ERROR: datascience 0.10.6 has requirement folium==0.2.1, but you'll have folium 0.8.3 which is incompatible.
ERROR: phik 0.11.2 has requirement scipy>=1.5.2, but you'll have scipy 1.4.1 which is incompatible.
Installing collected packages: PyYAML, requests, htmlmin, phik, tangled-up-in-unicode, pydantic, multimethod, imagehash, visions, jupyter-client, pandas-profiling
  Found existing installation: PyYAML 3.13
    Uninstalling PyYAML-3.13:
      Successfully uninstalled PyYAML-3.13
  Found existing installation: requests 2.23.0
    Uninstalling requests-2.23.0:
      Successfully uninstalled requests-2.23.0
  Found existing installation: jupyter-client 5.3.5
    Uninstalling jupyter-client-5.3.5:
      Successfully uninstalled jupyter-client-5.3.5
  Found existing installation: pandas-profiling 1.4.1
    Uninstalling pandas-profiling-1.4.1:
      Successfully uninstalled pandas-profiling-1.4.1
Successfully installed PyYAML-5.4.1 htmlmin-0.1.12 imagehash-4.2.0 jupyter-client-6.1.12 multimethod-1.4 pandas-profiling-3.0.0 phik-0.11.2 pydantic-1.8.2 requests-2.25.1 tangled-up-in-unicode-0.1.0 visions-0.7.1
Enabling notebook extension jupyter-js-widgets/extension...
      - Validating: OK

Downloading dataset from Kaggle

This blog post is built using Google Colab. It is a notebook server provided by Google for free. You can also use other services to run the code below but you will have to figure out how to get the dataset. The dataset that we use here is present on Kaggle and you can directly download it from here.

In this notebook, we are going to download the dataset from Kaggle into Google Colab and store it in a directory in our Google Drive. Storing your data in the Drive saves you from the trouble of downloading the dataset every time you start a new session in Colab.

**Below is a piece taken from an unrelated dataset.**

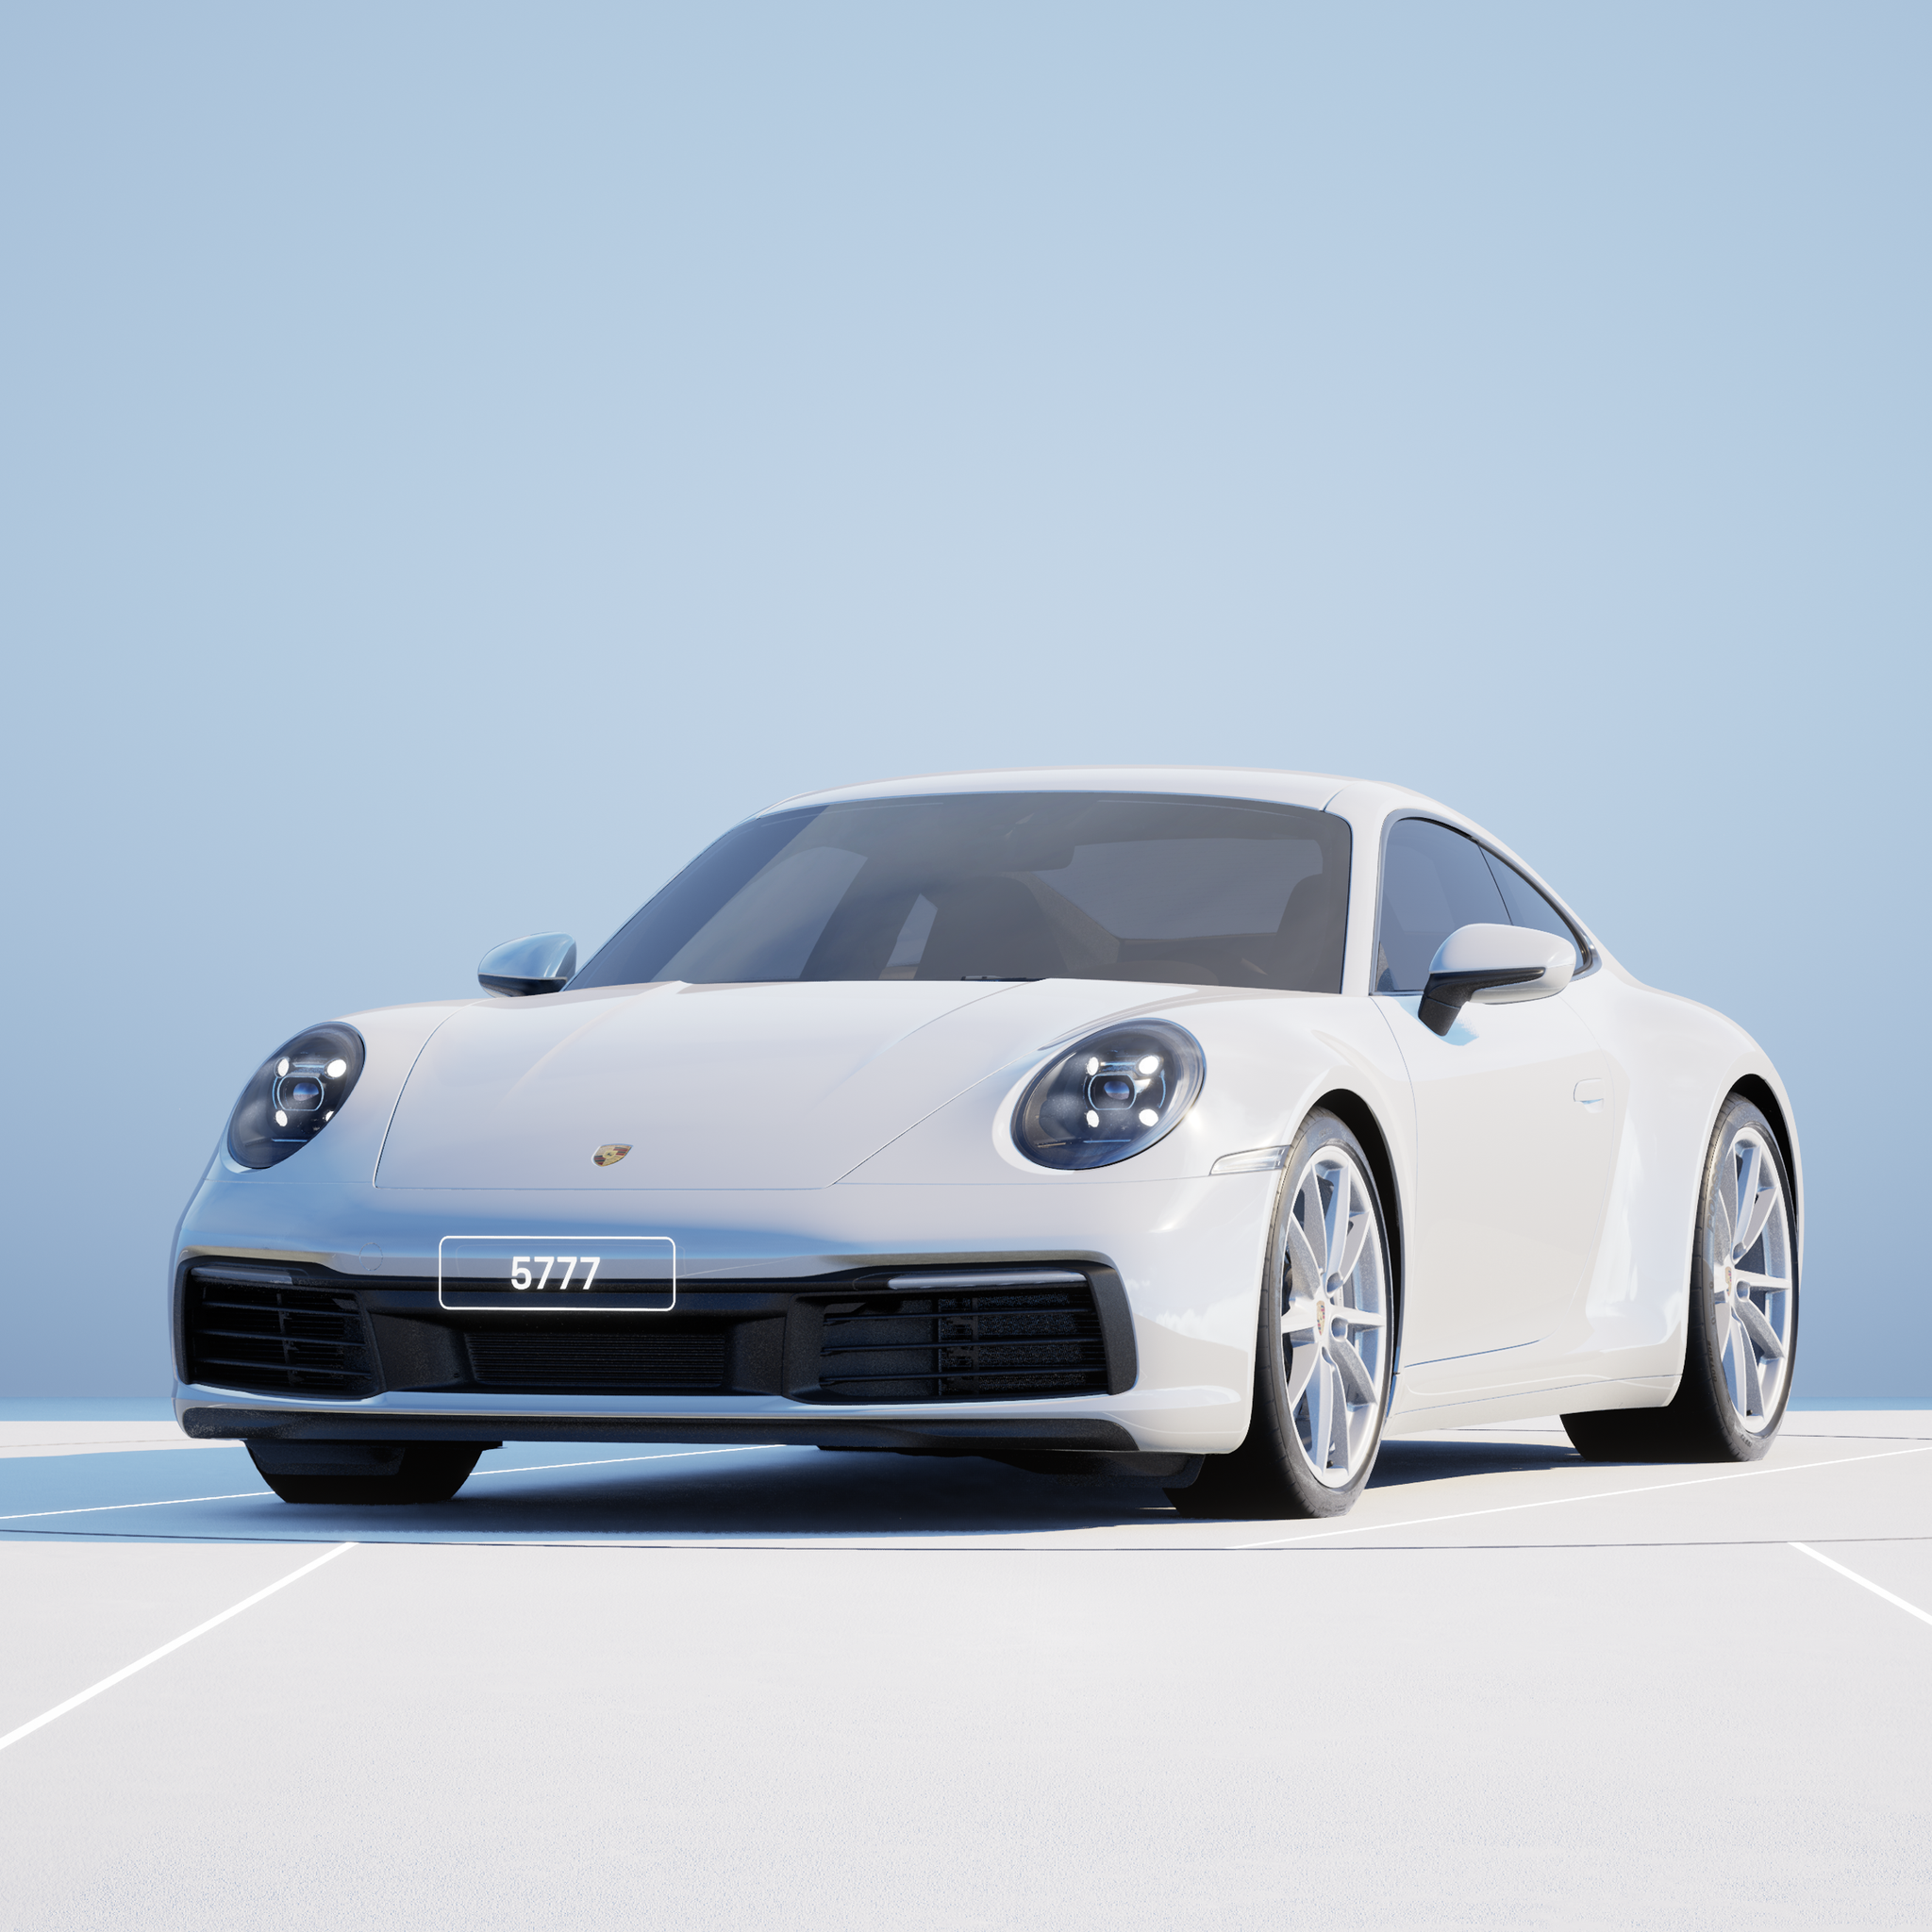 The PORSCHΞ 911 5777 image in phase

For further guidance read this wonderful article by Mrinali Gupta: How to fetch Kaggle Datasets into Google Colab

So let's get to it!

First, we need to mount our google drive so that we can access all the folders in the drive.

from google.colab import drive
drive.mount('/content/gdrive')
Mounted at /content/gdrive

Then we will using the following code to provide a config path for the Kaggle Json API

import os
os.environ['KAGGLE_CONFIG_DIR'] = "/content/gdrive/My Drive/kaggle/Insurance"

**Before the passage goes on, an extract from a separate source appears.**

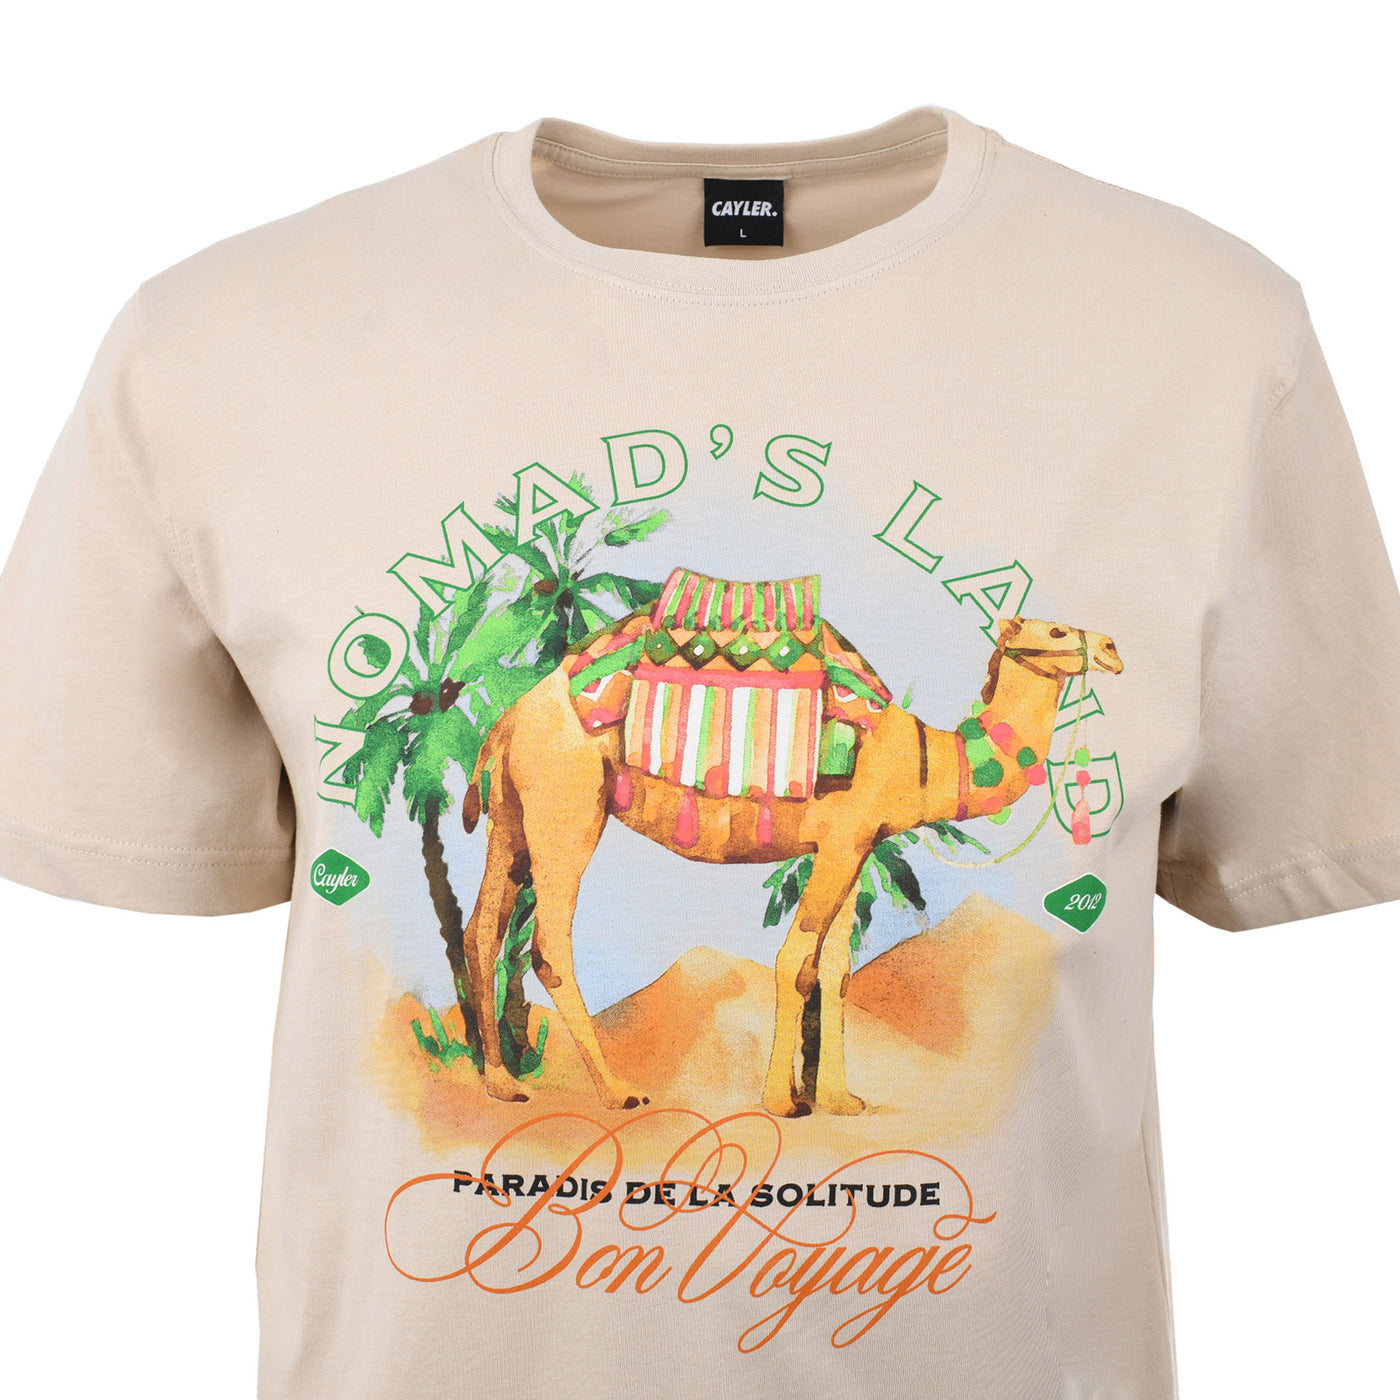 Camel Graphic T-shirt

We will change our current directory to where we want the dataset to be downloaded

%cd /content/gdrive/My Drive/kaggle/Insurance
/content/gdrive/My Drive/kaggle/Insurance

Now we can download the dataset from kaggle

!kaggle datasets download -d giripujar/hr-analytics
Downloading hr-analytics.zip to /content/gdrive/My Drive/kaggle/Insurance
  0% 0.00/111k [00:00<?, ?B/s]
100% 111k/111k [00:00<00:00, 15.9MB/s]

Let's unzip the files

!unzip \*.zip  && rm *.zip
Archive:  hr-analytics.zip
  inflating: HR_comma_sep.csv        

What files are present in the current directory?

!ls
AutoViz_Plots  HR_comma_sep.csv  kaggle.json

Our directory has a file named 'HR_comma_sep.csv'. That is our dataset.

Auto-EDA

What does our data look like?

import pandas as pd
df=pd.read_csv('HR_comma_sep.csv')
df.head(5)
satisfaction_level last_evaluation number_project average_montly_hours time_spend_company Work_accident left promotion_last_5years Department salary
0 0.38 0.53 2 157 3 0 1 0 sales low
1 0.80 0.86 5 262 6 0 1 0 sales medium
2 0.11 0.88 7 272 4 0 1 0 sales medium
3 0.72 0.87 5 223 5 0 1 0 sales low
4 0.37 0.52 2 159 3 0 1 0 sales low

From above, we can see that we have a tabular dataset with 10 columns and a target feature ('left'). We have 4 categorical features ('Department','salary','Work_accident','promotion_last_5years') apart from the target and 5 numerical features.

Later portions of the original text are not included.